Adults should recognize Jake's cinematic heritage from the chestburster in "Alien." But his singing, dancing entrance comes from a totally different movie. In Mel Brooks' sci-fi parody "Spaceballs," "Alien" star John Hurt cameos in a greasy spoon diner. It looks like he's about to be sick, but instead, a little alien bursts out of his chest, puts on a straw boater, and dances away to a clip of "Hello, My Baby!" from the "Looney Tunes" classic "One Froggy Evening."

The writers use every possible euphemism for sex

TV writers, especially if they're writing for kids, are in a constant battle with the network over what's fit to broadcast. If they're feeling brave, writers can outright antagonize their bosses, and few were more antagonistic than the folks at "Adventure Time." As it's a children's show, the writers couldn't just talk about sex, but they found every possible way to talk about it without actually using the word. For example, in "The Duke," the Duchess of Nuts talks about how her husband loves to "lie with" her, and Finn and Jake repeat the phrase so often it loses all meaning. And in "Furniture and Meat," Jake literally sits on Wildberry Princess' face — in a little chair.

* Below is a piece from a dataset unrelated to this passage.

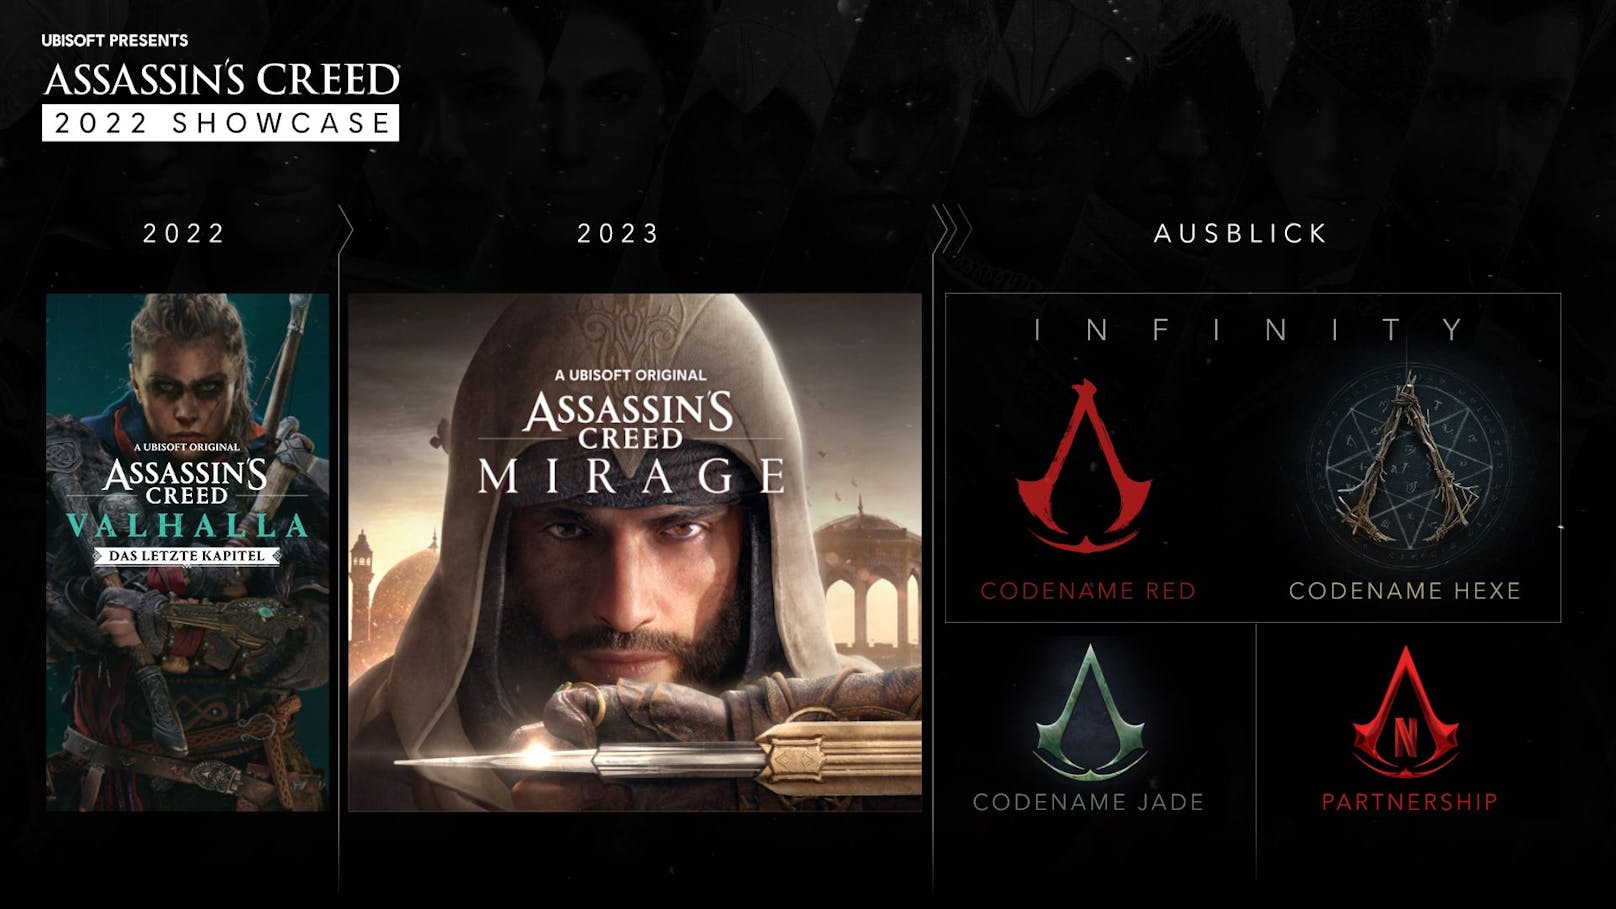 Ubisoft enthüllt gleich vier neue "Assassin's"-Games: "Mirage", "Codename Red", "Codename Jade" und "Codename Hexe".

In "The Belly of the Beast," Finn and Jake have to convince a bunch of happy bears to get out of a monster's stomach before they're digested alive. And they do this by singing a little song that goes, "All of our favorite foods are totally dead. / They cannot procreate in little food beds." This one obviously didn't get completely past the censors since the writers apparently had to balance out the "naughty words" quotient by never referring to poop as anything but "the stuff" throughout the episode.